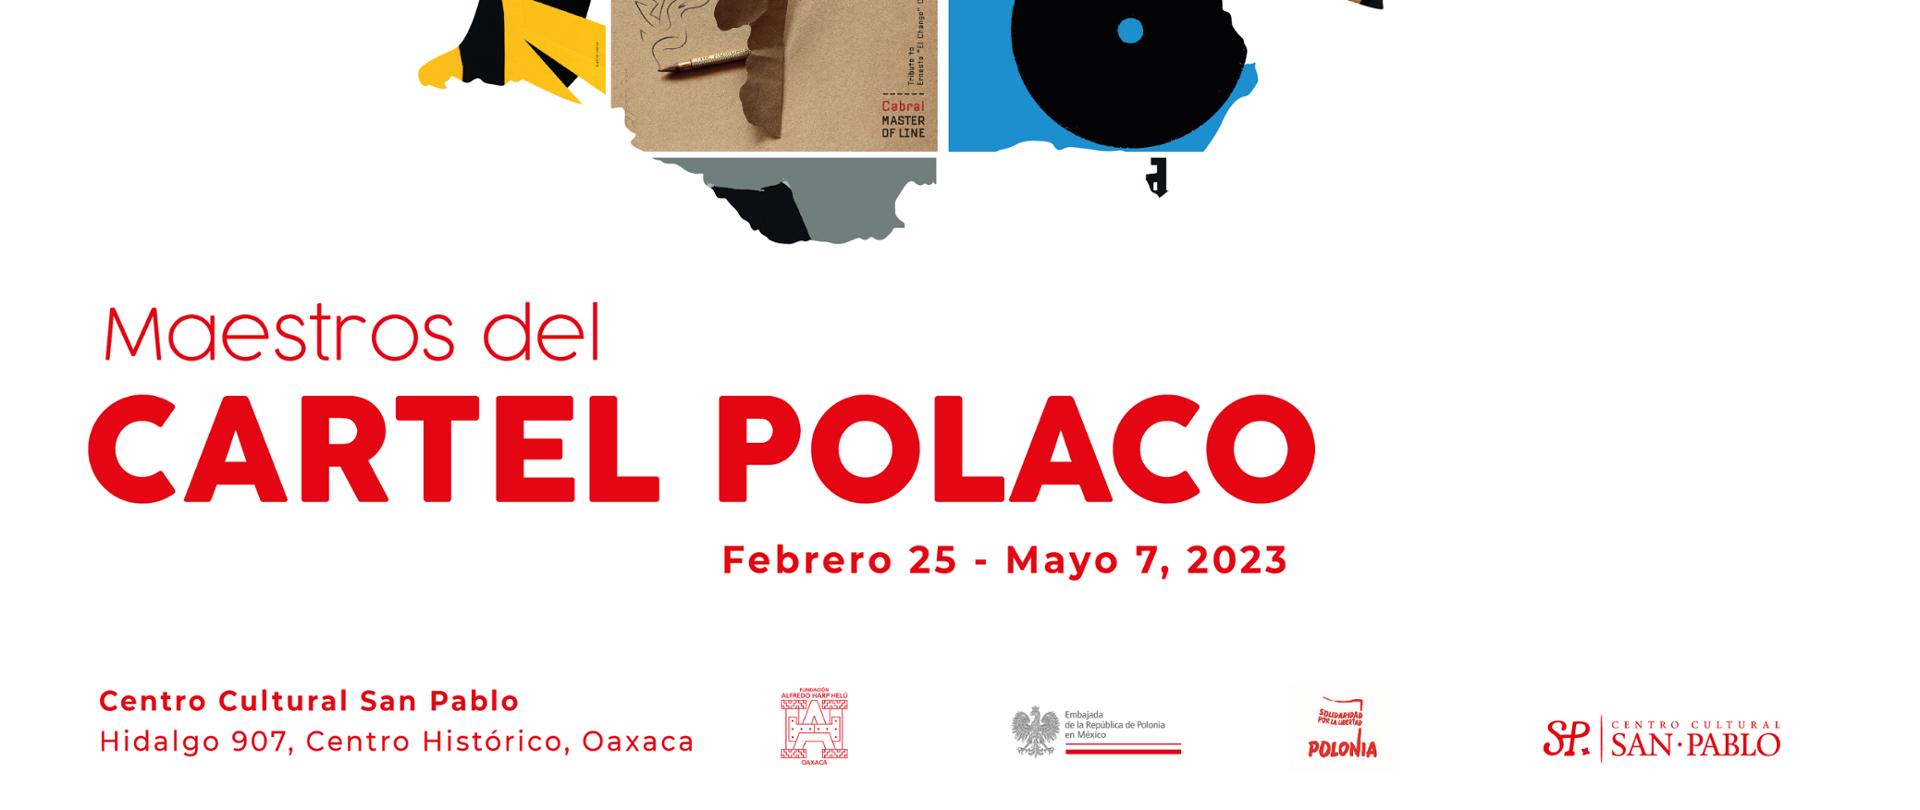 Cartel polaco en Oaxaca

======

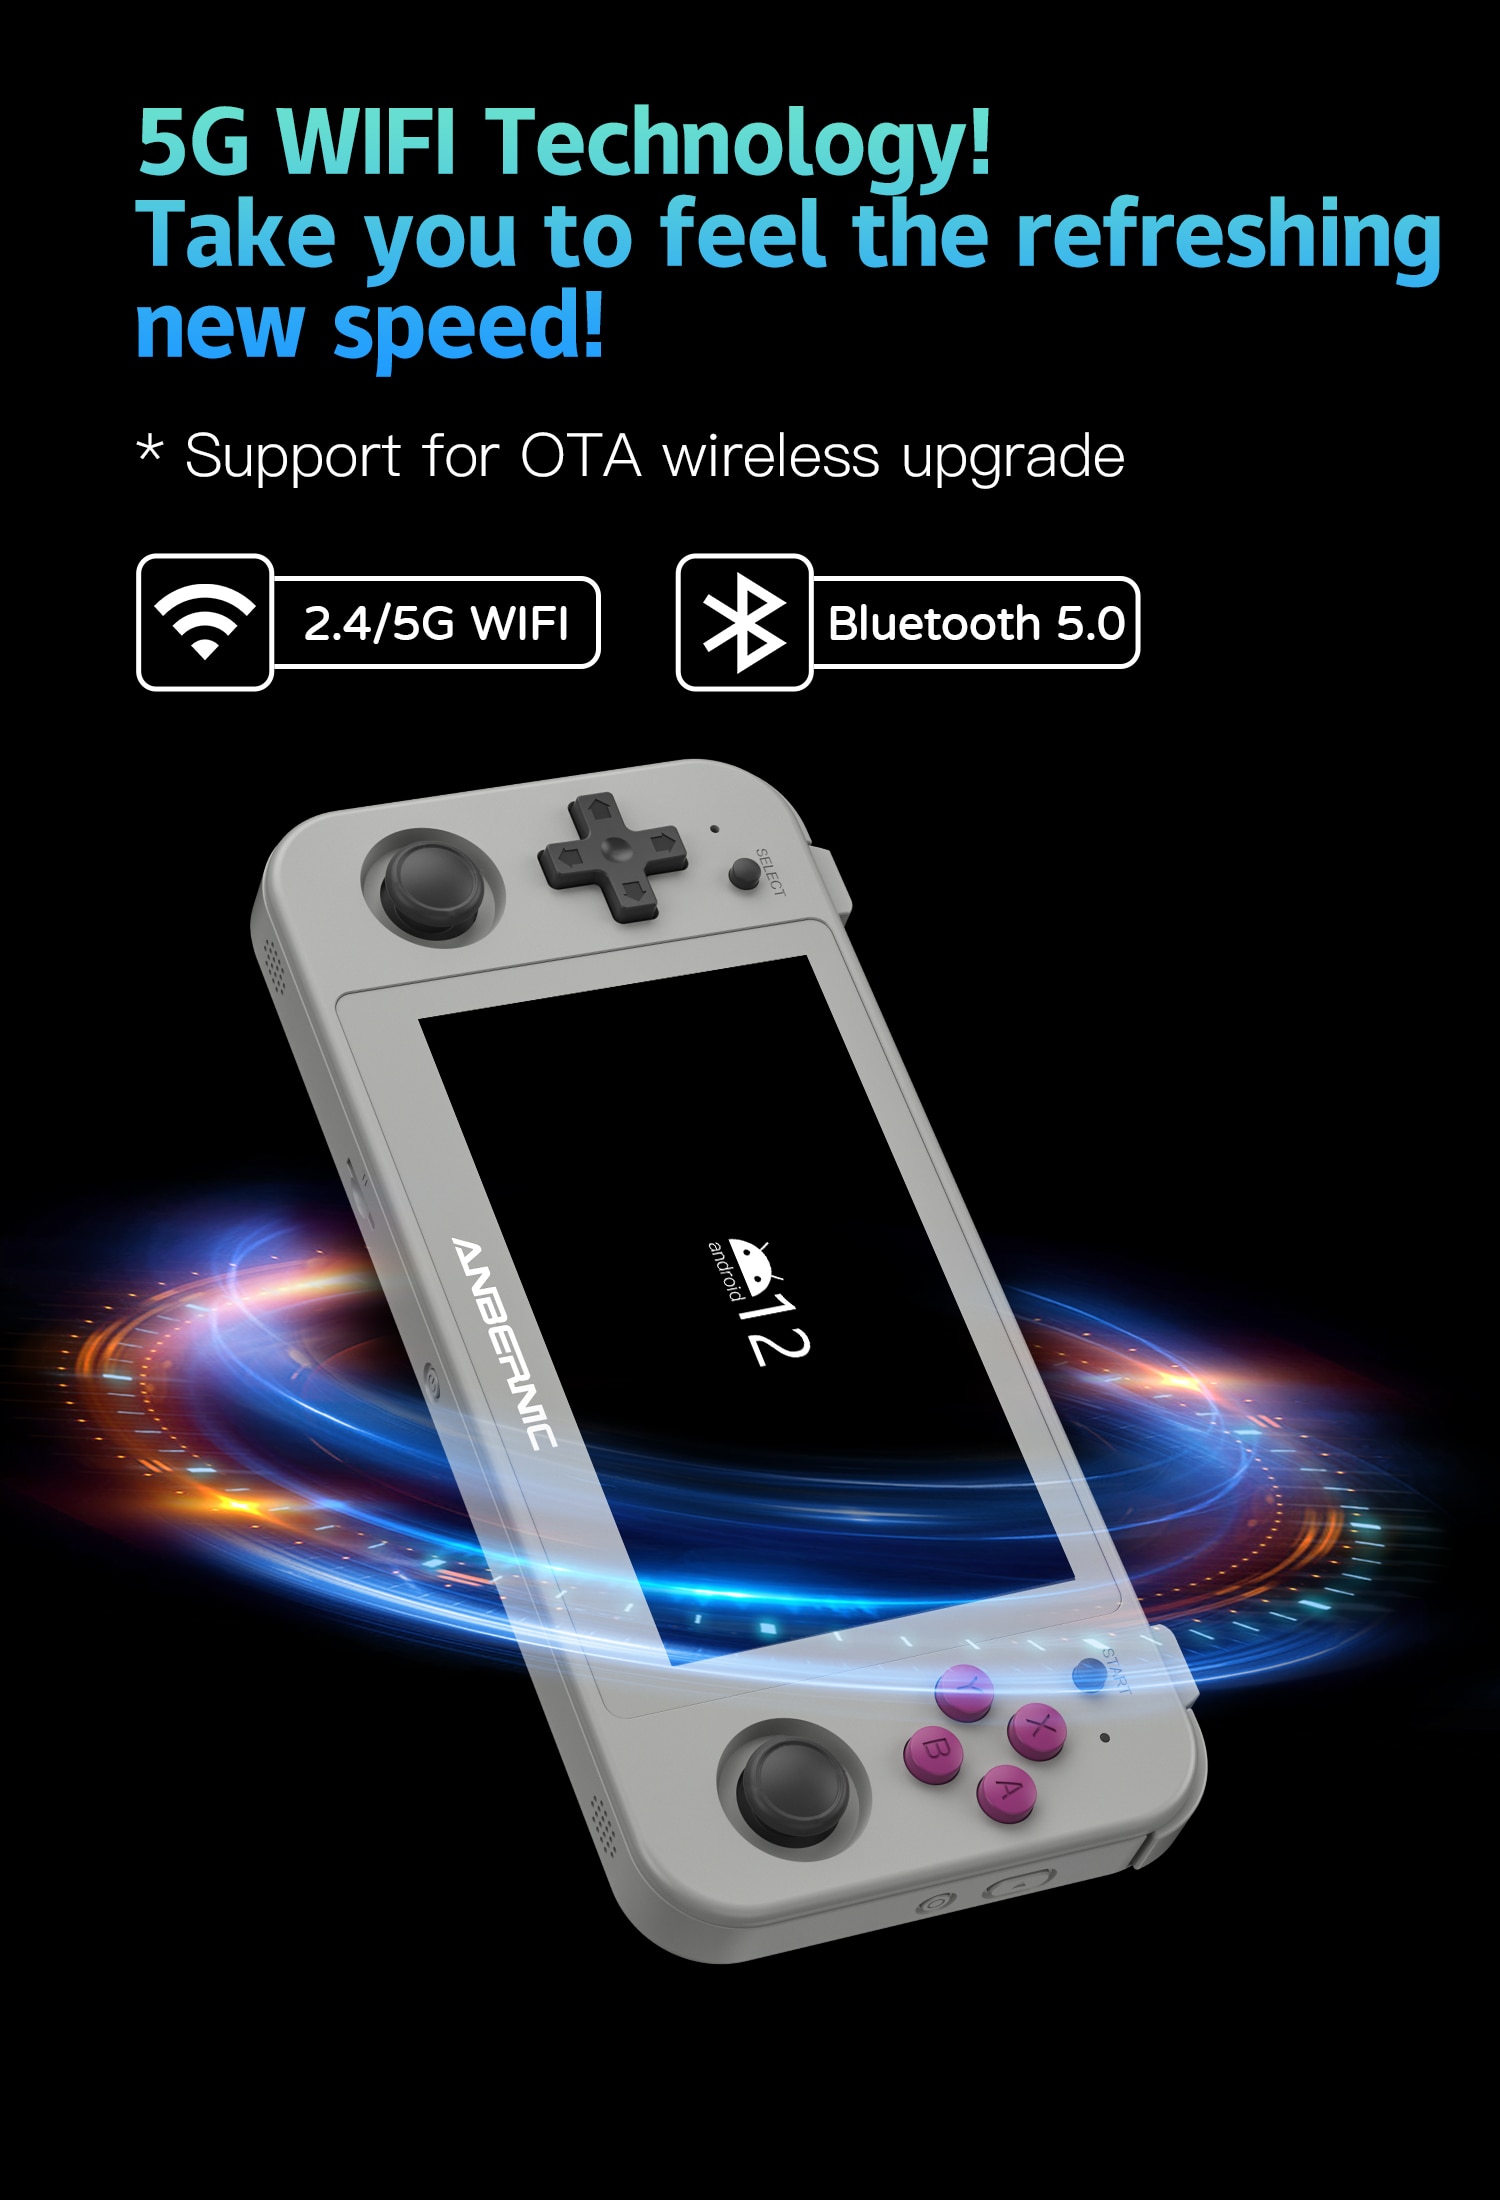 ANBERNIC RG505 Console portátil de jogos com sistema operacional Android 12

======

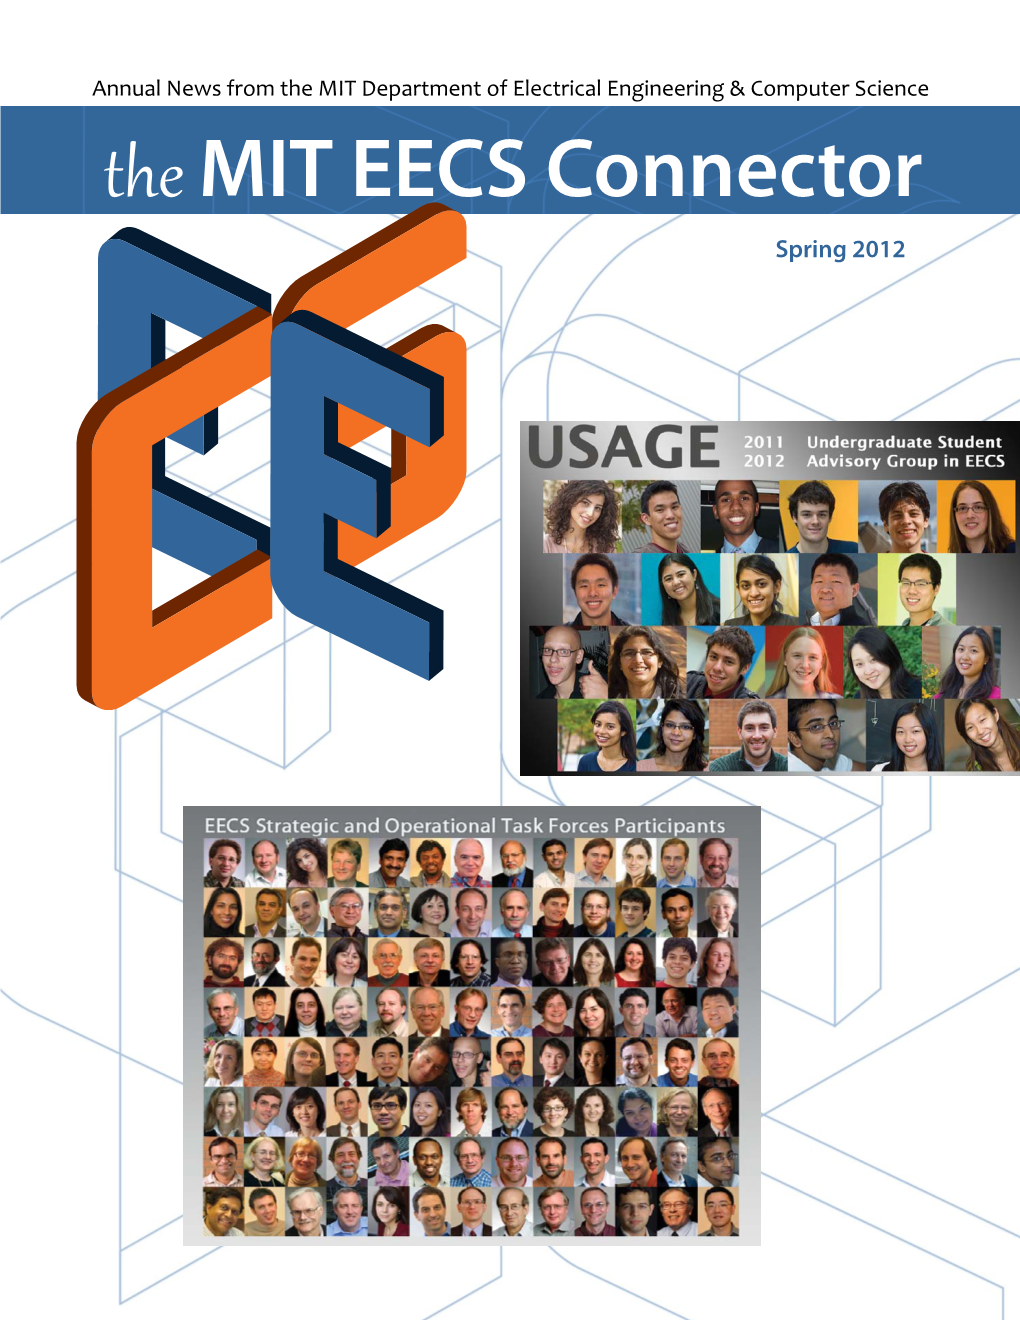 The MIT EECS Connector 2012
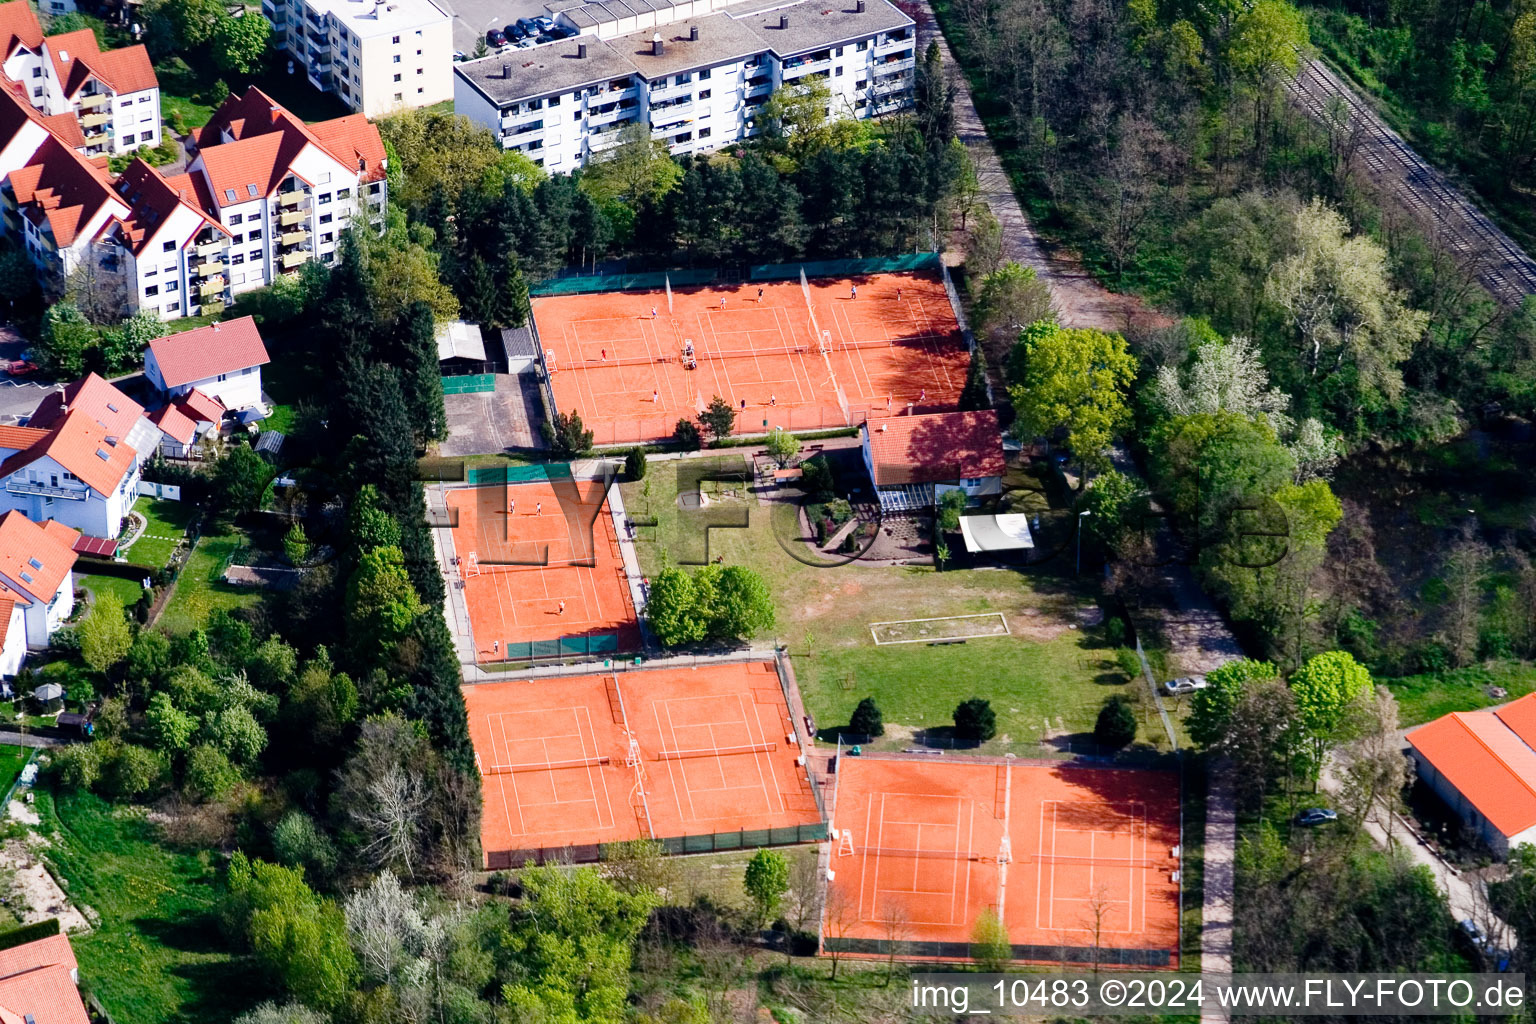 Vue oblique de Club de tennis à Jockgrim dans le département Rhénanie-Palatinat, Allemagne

======

What you should do:
Exactly the lines above from the one that contains "The MIT EECS Connector 2012" down to the one that contains "Vue oblique de" are to be output, both ends kept and pictures omitted.

Written response:
 The MIT EECS Connector 2012
 Vue oblique de Club de tennis à Jockgrim dans le département Rhénanie-Palatinat, Allemagne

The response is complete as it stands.